Friday 24 June 2011

Infatuation

The air shimmers for a moment, like heat waves in the midday sun. Time slows down. It's as though I am glimpsing an oasis in the desert; a spring flowing with the nectar of all things beautiful and fulfilling in this world. I can hardly believe my eyes. His face, oh, God! I begin to feel my cheeks burning. Sweat is breaking out on my forehead and palms. I am bombarded with a whole host of extremes. In an instant I am hysterical, joyous, sad, fearful, fearless. I am losing control of my senses, my normal boundaries are slipping away. The cold casket that bears my soul is bursting all around me in a flurry of ice splinters. And far off in the distance I can hear strains of a melody I perhaps heard in the days before I was born, a soft humming, like the sound of a slow sunrise.

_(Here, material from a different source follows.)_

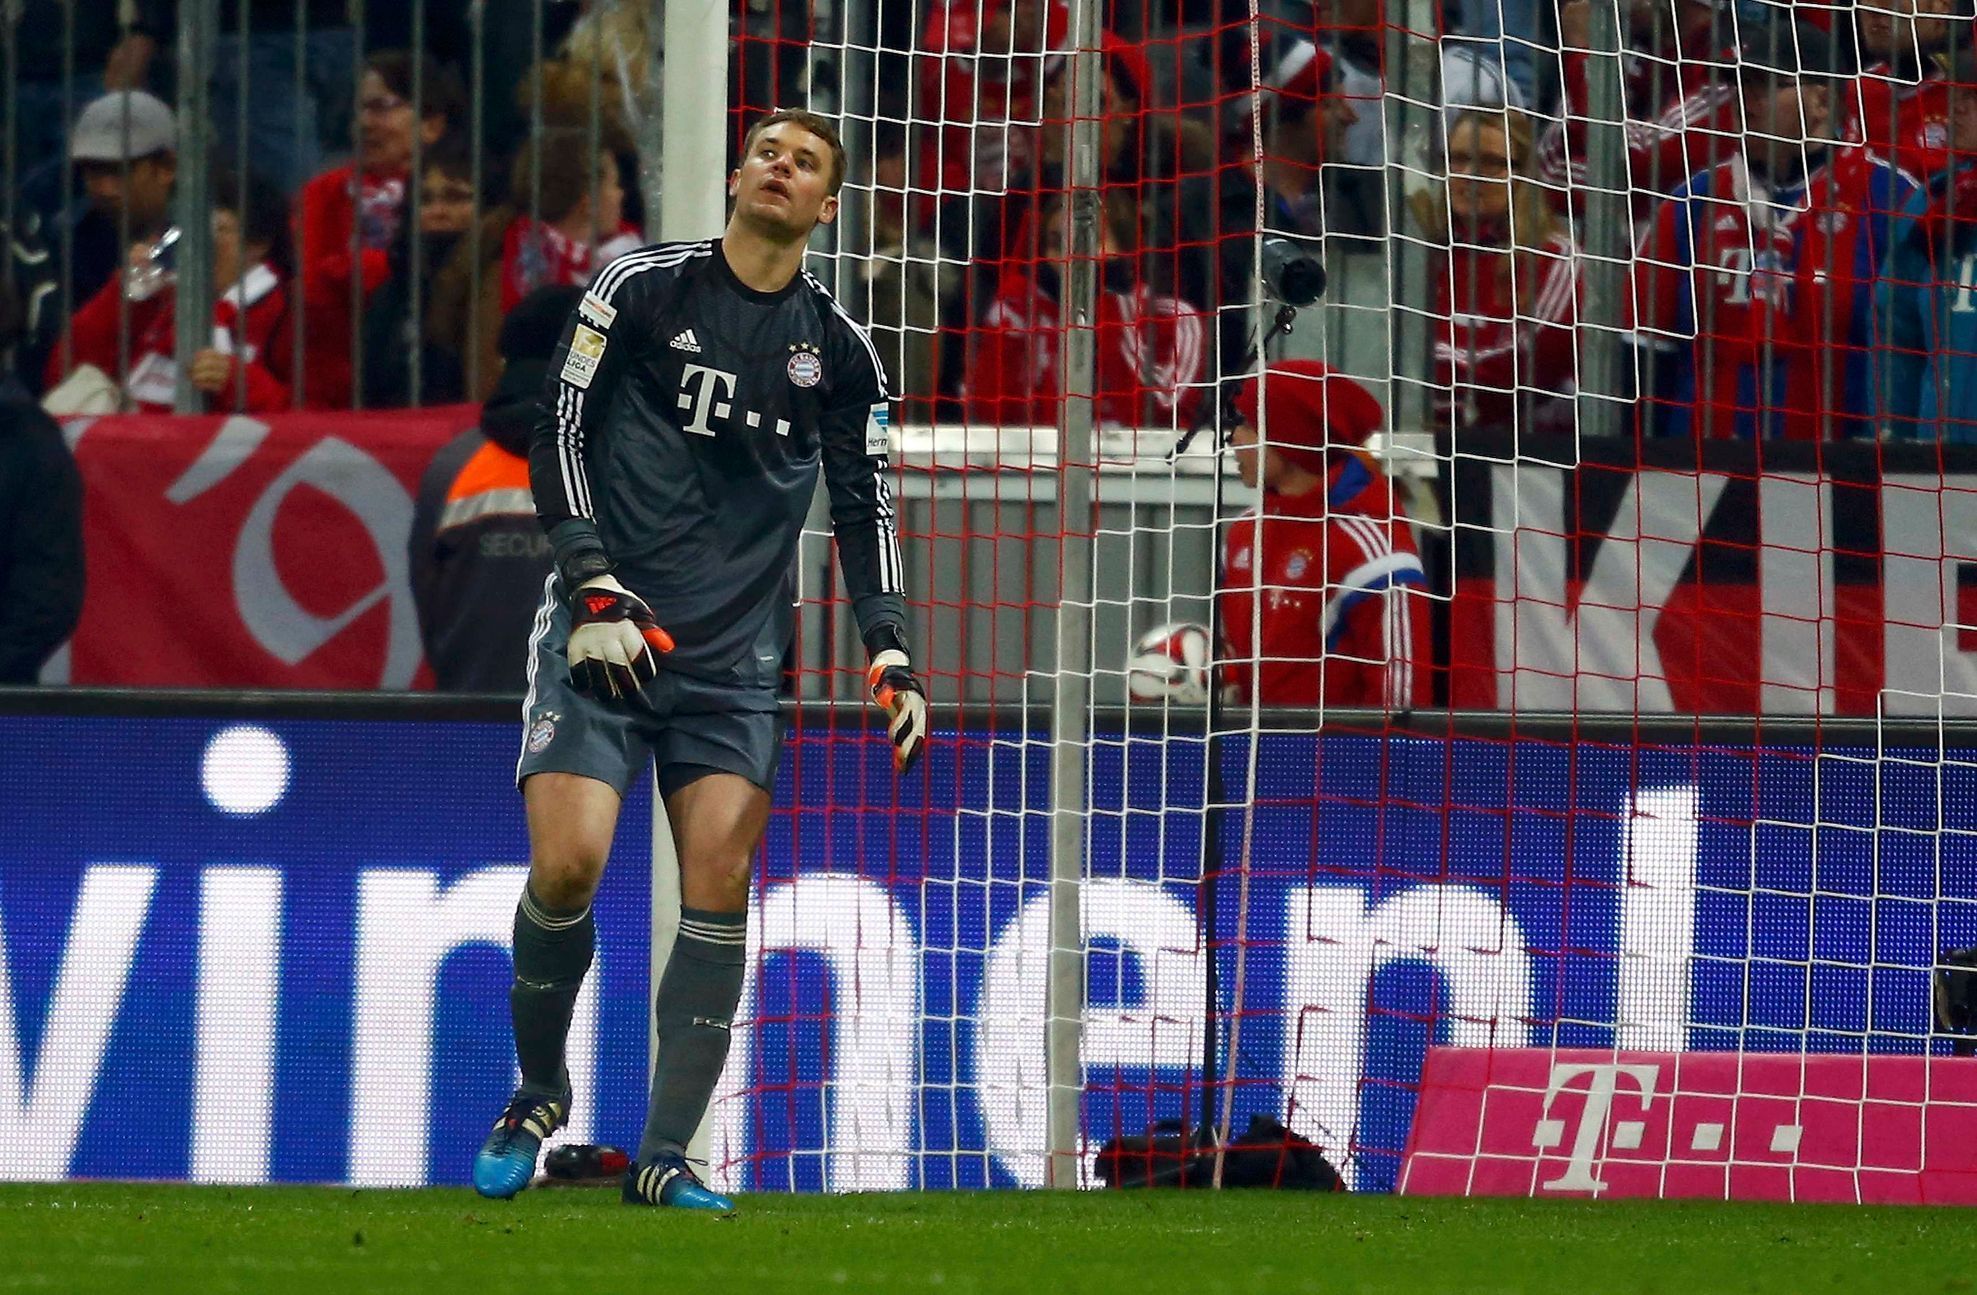 Bayern Munich's goalkeeper Neuer reacts after he failed to save a shot by Borussia Moenchengladbach's Raffael during their Bundesliga first division soccer match in Munich

I can't look at you, but nor can I look away. Your mere presence lulls me into a dreamy daze where I feel as though I actually have the courage to do the unthinkable. I see a winged steed approaching, I know its name, I can feel it in my bones: Freedom. I take the creature by the horns and we streak across the heavens in a blaze of lightning, and then return to earth in all the time it takes to touch the hem of an angel's gown and kiss his feet. As I catch my breath, I realise I am no longer myself. I have ceased to be the girl I was only a matter of seconds ago. All because of a glance, and a smile.